Forum Discussion
Are these local executions (i.e. the Snaplex property in the PipeExec is empty)?
For local executions, PipeExec will try to send input documents to the least-loaded child execution. So, an imbalance like this can occur when the child executions are able to process the inputs slightly faster than the incoming rate. I’d need to take a closer look at the execution stats of the parent and child executions to see if that’s really the case.
- jamesv7 years agoNew Contributor II
Yep, Snaplex property is empty.
There’s only one node in this specific instance, too.
I think in this case I don’t need to reuse executions, as it’s been a while since I reexamined what I was doing in the intermediate pipeline execute which doesn’t really need to be parallelized any more, so I might end up just getting rid of “reuse pipeline executions” at this point!

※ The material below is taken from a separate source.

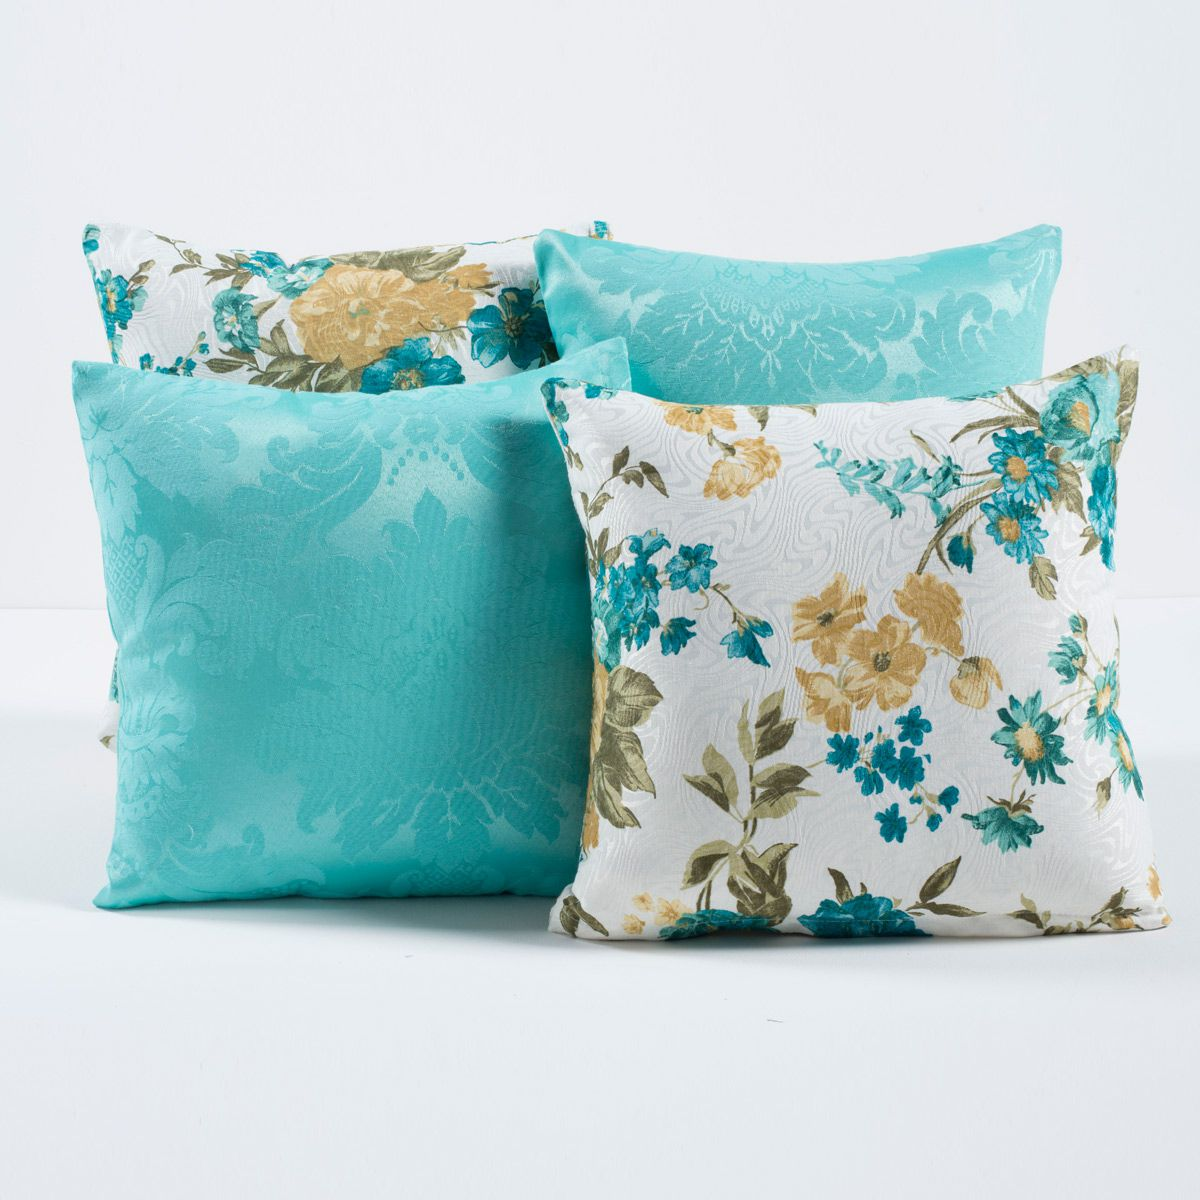 Kit Capas de Almofadas Decorativas Tiffany Floral 04 Peças
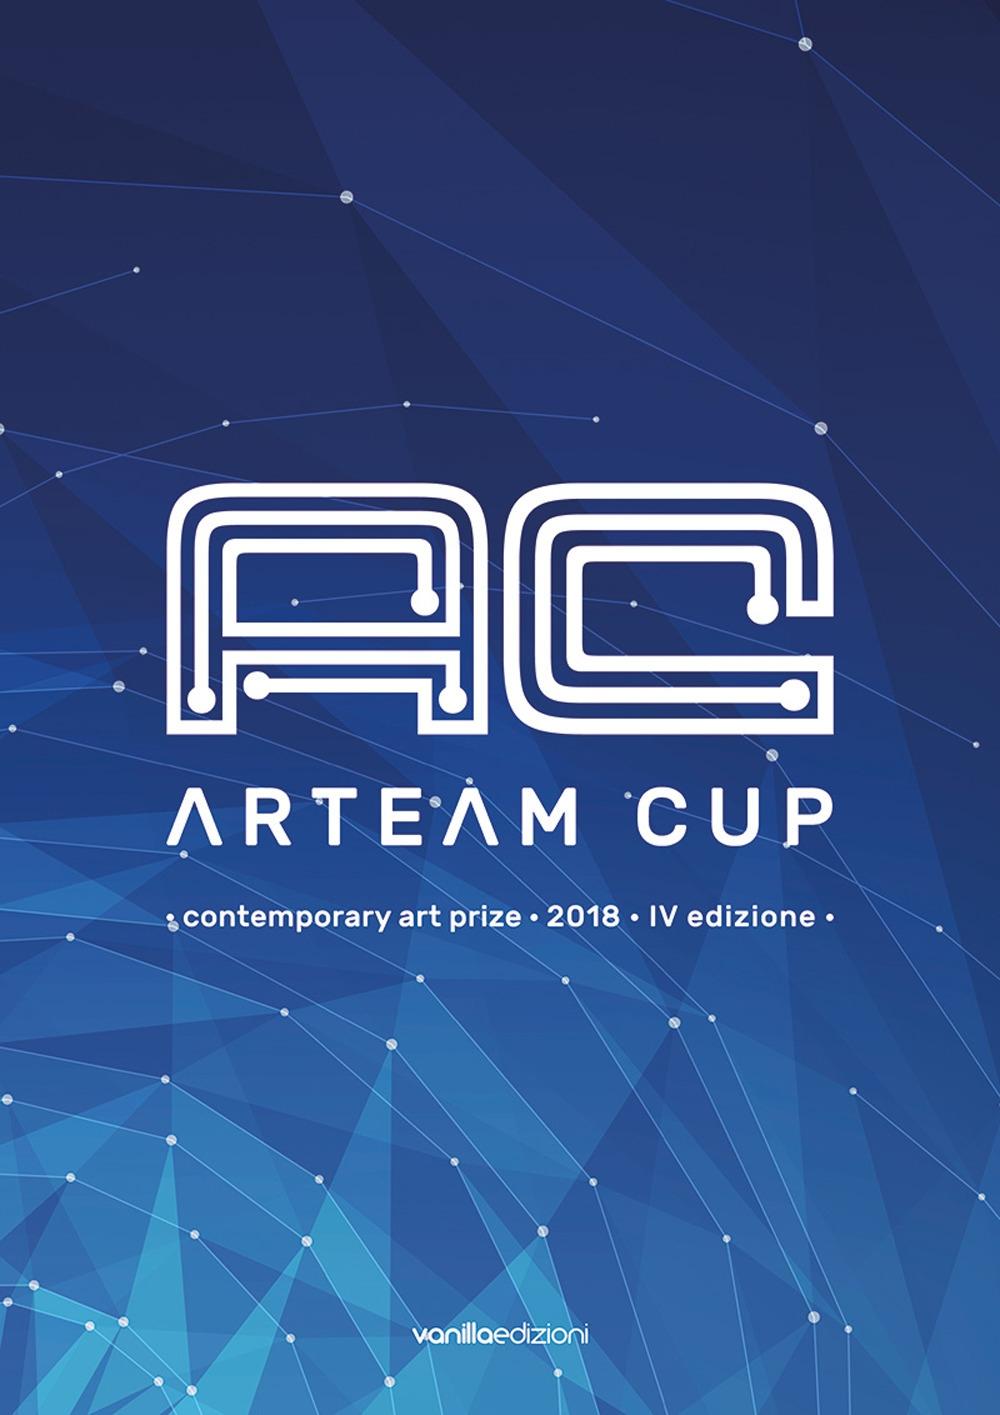 Arteam Cup. Contemporary art price 2018. 4ª edizione.

- tstack7 years agoFormer Employee
The uneven distribution looks like a bug and one has been filed.
I think the problem is that PipeExec is unable to determine exactly how many docs are actively being worked on in some cases and it was assuming the pipeline was not under load when it really was. One case where this can happen is with snaps that work in batches. They consume multiple documents quickly and the platform cannot tell if the snap has finished working on the document or not. So, PipeExec thinks the child is free, when really the docs have only partially been processed.